Philosophy of Mathematics, graduate lecture seminar, Oxford, Trinity term 2020

This will be a graduate-level lecture seminar on the Philosophy of Mathematics held during Trinity term 2020 here at the University of Oxford, co-taught by Dr. Wesley Wrigley and myself.

The broad theme for the seminar will be incompleteness, referring both to the incompleteness of our mathematical theories, as exhibited in Gödel’s incompleteness theorems, and also to the incompleteness of our mathematical domains, as exhibited in mathematical potentialism. 

All sessions will be held online using the Zoom meeting platform. Please contact Professor Wrigley for access to the seminar (wesley.wrigley@philosophy.ox.ac.uk). The Zoom meetings will not be recorded or posted online.

The basic plan will be that the first four sessions, in weeks 1-4, will be led by Dr. Wrigley and concentrate on his current research on the incompleteness of mathematics and the philosophy of Kurt Gödel, while weeks 5-8 will be led by Professor Hamkins, who will concentrate on topics in potentialism. 
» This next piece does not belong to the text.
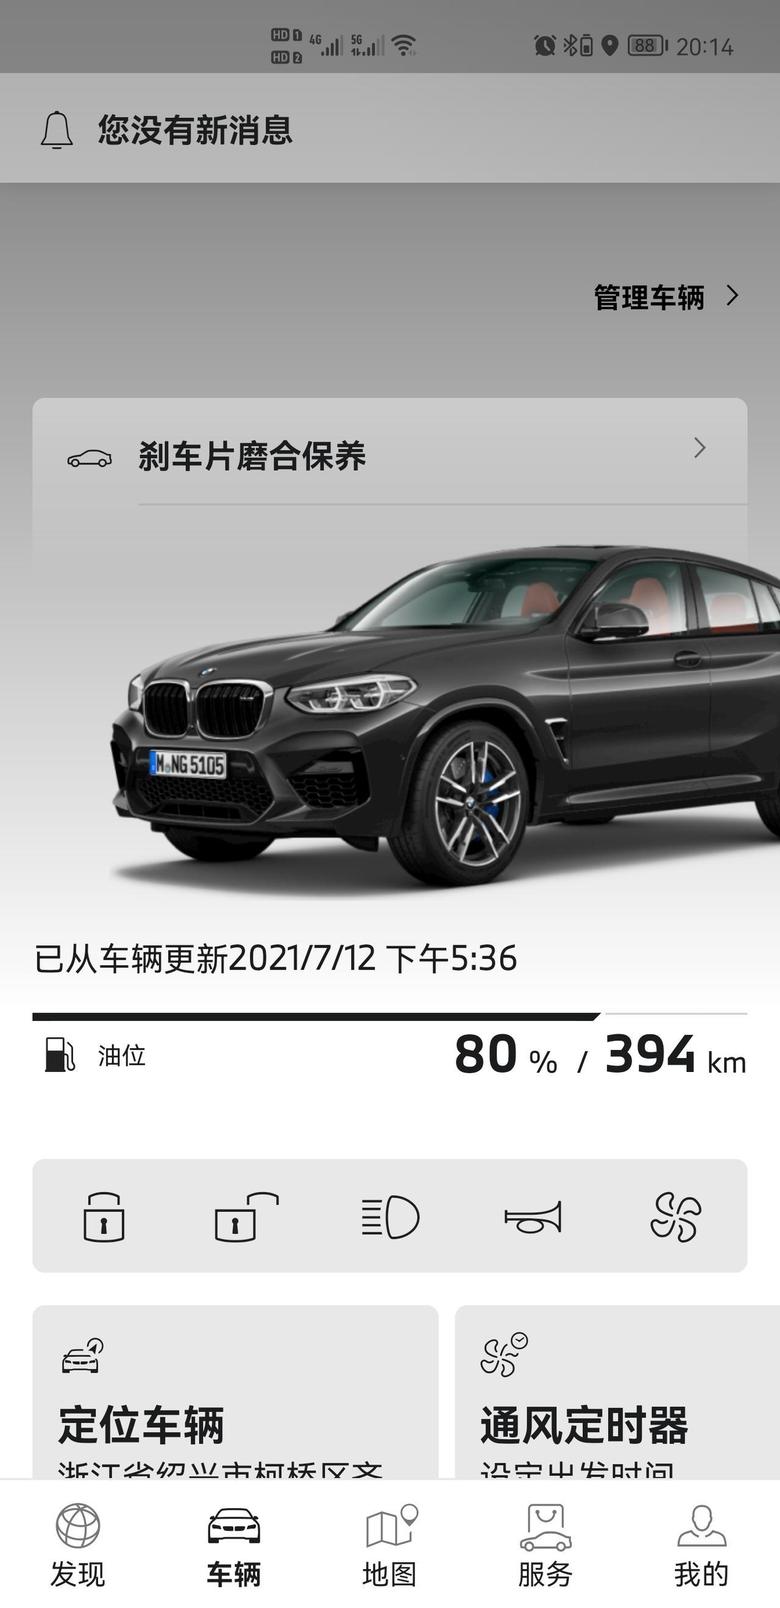 宝马x4 m 绍兴杭州这边有宝马m的车友圈吗，提了一个月了，两千公里，轮毂好普通啊，想换一个，有好看的推荐吗

Readings as detailed below:

Weeks 1 & 2  (28 April, 5 May)
Kurt Gödel “Some basic theorems on the foundations of mathematics and their implications (*1951)”,  in: Feferman, S. et al.  (eds) Kurt Gödel: Collected Works Volume III, pp.304-323. OUP (1995). And Wrigley “Gödel’s Disjunctive Argument”. (Also available on Canvas).

Week 3 (12th May)
Donald Martin, “Gödel’s Conceptual Realism”, Bulletin of Symbolic Logic 11:2 (2005), 207- 224 https://www.jstor.org/stable/1556750. And Wrigley “Conceptual Platonism.”

Week 4 (19th May)
Bertrand Russell “The Regressive Method of Discovering the Premises of Mathematics (1907)”, in: Moore , G. (ed) The Collected Papers of Bertrand Russell, Volume 5, pp.571-580. Routledge (2014). And Wrigley “Quasi-Scientific Methods of Justification in Set Theory.”

Week 5 (26th May)
Øystein Linnebo & Stewart Shapiro, “Actual and potential infinity”, Noûs 53:1 (2019), 160-191, https://doi.org/10.1111/nous.12208. And Øystein Linnebo. “Putnam on Mathematics as Modal Logic,” In: Hellman G., Cook R. (eds) Hilary Putnam on Logic and Mathematics. Outstanding Contributions to Logic, vol 9. Springer, Cham (2018). https://doi.org/10.1007/978-3-319-96274-0_14 

Week 6 (2nd June)
The topic this week is: tools for analyzing the modal logic of a potentialist system. This seminar will be based around the slides for my talk “Potentialism and implicit actualism in the foundations of mathematics,” given for the Jowett Society in Oxford last year. The slides are available at: http://jdh.hamkins.org/potentialism-and-implicit-actualism-in-the-foundations-of-mathematics-jowett-society-oxford-february-2019.  Interested readers may also wish to consult the more extensive slides for the three-lecture workshop I gave on potentialism at the Hejnice Winter School in 2018; the slides are available at http://jdh.hamkins.org/set-theoretic-potentialism-ws2018. My intent is to concentrate on the nature and significance of control statements, such as buttons, switches, ratchets and railyards, for determining the modal logic of a potentialist system.

Week 7 (9th June)
Joel David Hamkins and Øystein Linnebo. “The modal logic of set-theoretic potentialism and the potentialist maximality principles”. Review of Symbolic Logic (2019). https://doi.org/10.1017/S1755020318000242. arXiv:1708.01644. http://wp.me/p5M0LV-1zC. This week, we shall see how the control statements allow us to analyze precisely the modal logic of various conceptions of set-theoretic potentialism.

Week 8 (16th June)
Joel David Hamkins, “Arithmetic potentialism and the universal algorithm,” arxiv: 1801.04599, available at http://jdh.hamkins.org/arithmetic-potentialism-and-the-universal-algorithm. Please feel free to skip over the more technical parts of this paper. In the seminar discussion, we shall concentrate on the basic idea of arithmetic potentialism, including a full account of the universal algorithm and the significance of it for potentialism, as well as remarks of the final section of the paper.